From orphan drugs to adopted therapies: Advancing C3-targeted intervention to the clinical stage

Abstract

Complement dysregulation is increasingly recognized as an important pathogenic driver in a number of clinical disorders. Complement-triggered pathways intertwine with key inflammatory and tissue destructive processes that can either increase the risk of disease or exacerbate pathology in acute or chronic conditions. The launch of the first complement-targeted drugs in the clinic has undeniably stirred the field of complement therapeutic design, providing new insights into complement's contribution to disease pathogenesis and also helping to leverage a more personalized, comprehensive approach to patient management. In this regard, a rapidly expanding toolbox of complement therapeutics is being developed to address unmet clinical needs in several immune-mediated and inflammatory diseases. Elegant approaches employing both surface-directed and fluid-phase inhibitors have exploited diverse components of the complement cascade as putative points of therapeutic intervention. Targeting C3, the central hub of the system, has proven to be a promising strategy for developing biologics as well as small-molecule inhibitors with clinical potential. Complement modulation at the level of C3 has recently shown promise in preclinical primate models, opening up new avenues for therapeutic intervention in both acute and chronic indications fueled by uncontrolled C3 turnover. This review highlights recent developments in the field of complement therapeutics, focusing on C3-directed inhibitors and alternative pathway (AP) regulator-based approaches. Translational perspectives and considerations are discussed, particularly with regard to the structure-guided drug optimization and clinical advancement of a new generation of C3-targeted peptidic inhibitors.
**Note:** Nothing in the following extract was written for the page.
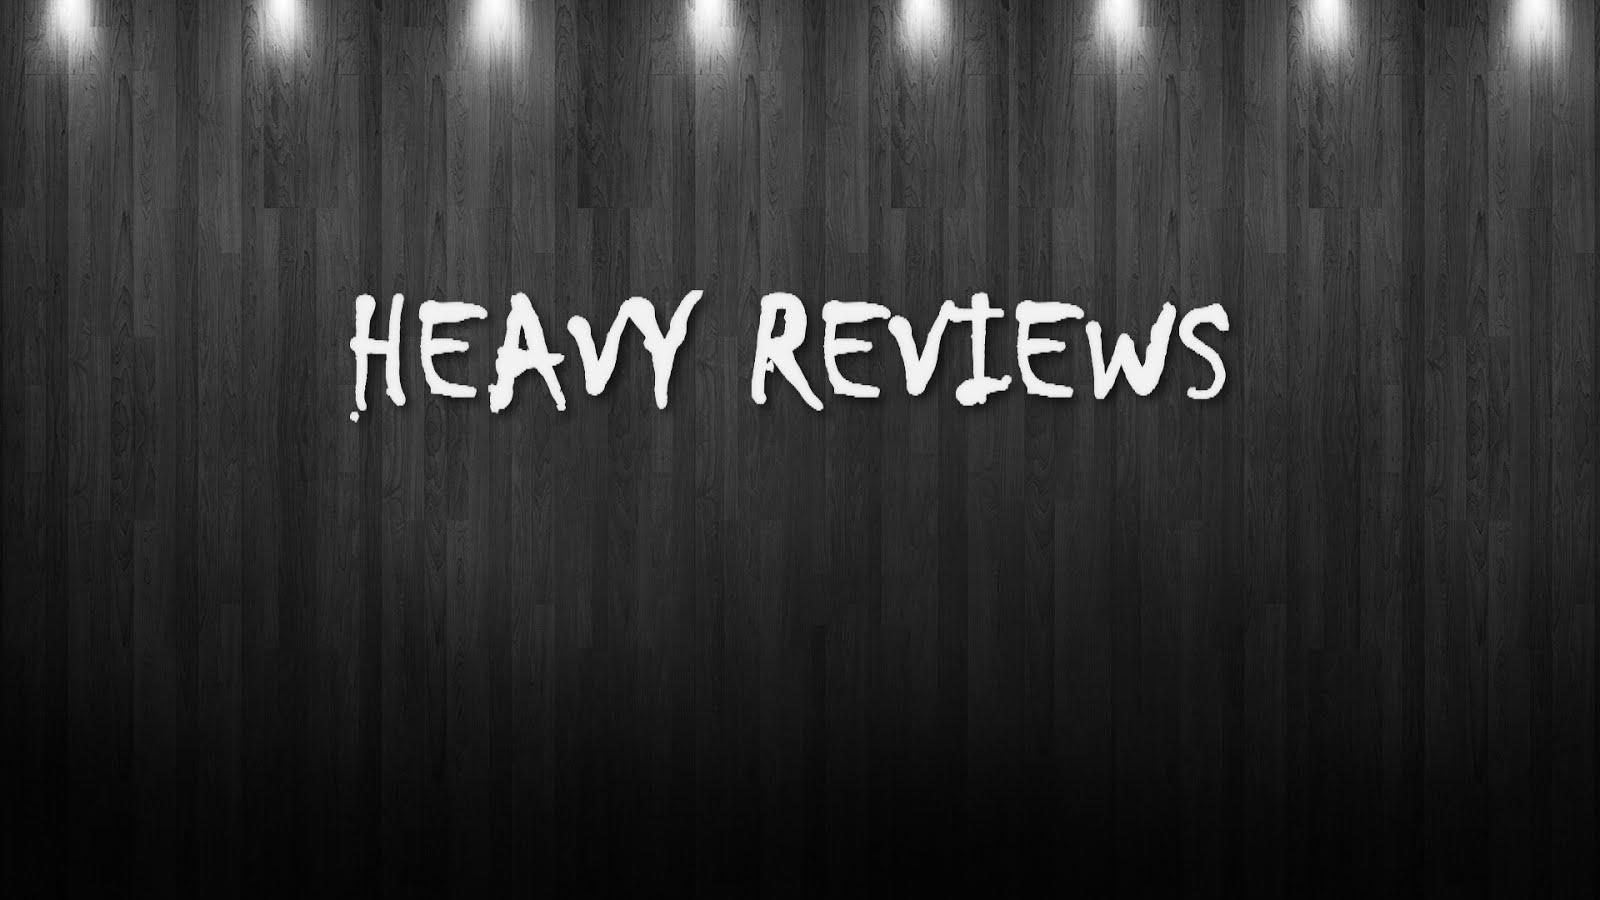 Heavy Reviews

Keywords: AMY-101; C3 convertase; Clinical efficacy; Complement dysregulation; Peptidic C3 inhibitors; Primate models.

Published by Elsevier GmbH.

Figures

Figure 1

(Panel A) A simplified schematic overview of the complement cascade with points of therapeutic intervention by clinically developed C3 inhibitors. Complement activation on foreign surfaces (e.g. microbial, transplants, biomaterials) or damaged/transformed self surfaces can be triggered by any of the three pathways (classical, lectin, alternative). All pathways converge at the cleavage of the central component, C3, by the C3 convertases. Amplification of the AP is considered a pivotal pathogenic driver in many complement-mediated diseases. Activation of C5 by C5 convertases of both the classical and alternative pathway leads to the release of the proinflammatory mediator C5a and the assembly of the cell-perforating MAC (C5b-9). Convertase-independent cleavage of C3 and C5 by coagulation and fibrinolytic proteases (e.g. plasmin, thrombin) has been implicated as a bypass pathway of complement activation in certain pathophysiological contexts. C3-targeted inhibitors (e.g. Cp40, AMY-101) can provide effective and broad therapeutic control of the cascade by targeting all pathways at the level of C3 and blocking downstream complement effector responses (e.g. C5a generation, MAC assembly). Abbreviations: AP, alternative pathway; MBL, mannose-binding lectin; MASPs, mannose-binding lectin associated proteases; FP, properdin; FB, factor B; FD factor D; MAC, membrane attack complex. (Panel B) Concepts and illustrative examples of C3-targeted therapeutic modulation. Several inhibitory approaches have been developed and are currently in clinical evaluation as C3-targeted therapeutics for various indications. These include: a) systemic or local complement modulation at the level of C3 (e.g. compstatin analogs), b) surface-targeting of fluid-phase complement regulators ( e.g. FH) acting at the level of the AP C3 convertase (e.g. mini-FH variants, CR2-FH fusion constructs:TT30) and c) targeting moieties that recruit endogenous C3 regulators to the complement-opsonized surface (e.g. FH-binding peptides, 5C6). Blue arrows indicate ways by which AP C3 convertase activity can be regulated by natural, chimeric or small-sized C3 inhibitors.